2. Changing Academic Language: Making sure academic language supports the study and recognition of Caribbean traditional plant knowledge.
3. Decolonizing Research Agendas and Methodologies: Aligning research with community views and respecting the expertise of knowledgeable Caribbean community members as teachers of plant wisdom.
4. Using a Macro-Level Approach: Seeing Caribbean traditional plant knowledge as a whole system, including its cultural and spiritual beliefs about nature.
5. Transforming Education through Interdisciplinary Learning: Bringing together natural and social sciences in a connected curriculum for students.
6. Shifting Policy: Prioritizing strategies that strengthen communities and nature together, while respecting unique cultural traditions.
7. Involving Citizen Science: Building stronger bonds with Caribbean civil society to promote traditional plant knowledge.
8. Accelerating Social Justice: Encouraging scholars to rethink and decolonize their minds, and to work together respectfully with Caribbean communities to create and knowledge together.

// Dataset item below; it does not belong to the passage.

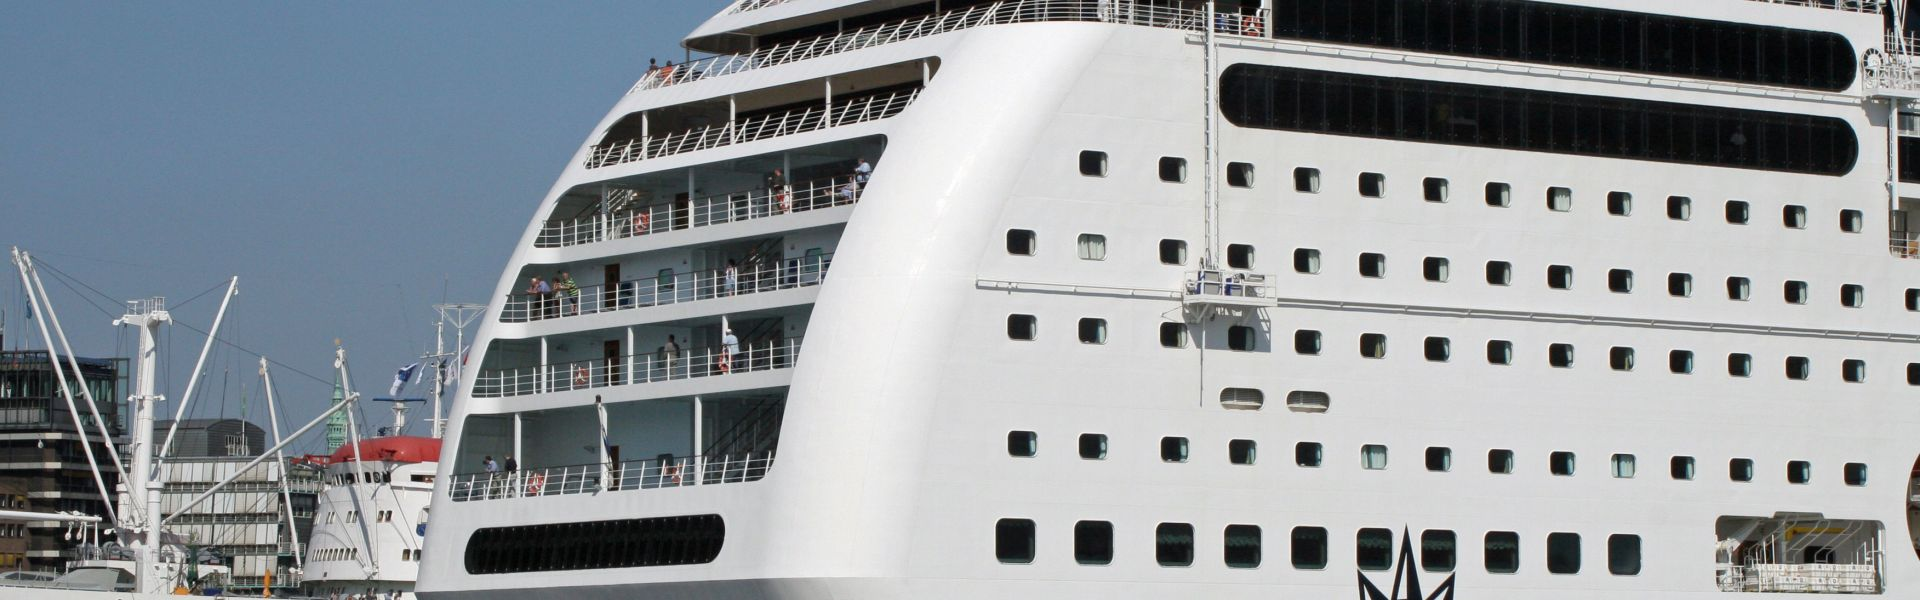 Croaziera 2018/2019 - Orientul Mijlociu si India (Dubai) - MSC Cruises - MSC Lirica - 14 nopti

Photo: The second author showing Scybalium jamaicense, a Caribbean endemic holoparasite used in a traditional Jamaican fermented drink called a roots tonic.
Photo caption: Dr. Ina Vandebroek, Senior Lecturer, Department of Life Sciences, FST, The UWI Mona.
For full-text reading and downloading access until 28 December 2023: https://authors.elsevier.com/a/1i34ycZ3WyH5u
Reference: Ina Vandebroek, Jason West, Kenneth Otero-Walker, Steve Maldonado Silvestrini (2023) Fostering Greater Recognition of Caribbean Traditional Plant Knowledge. Trends in Ecology & Evolution, https://doi.org/10.1016/j.tree.2023.10.007.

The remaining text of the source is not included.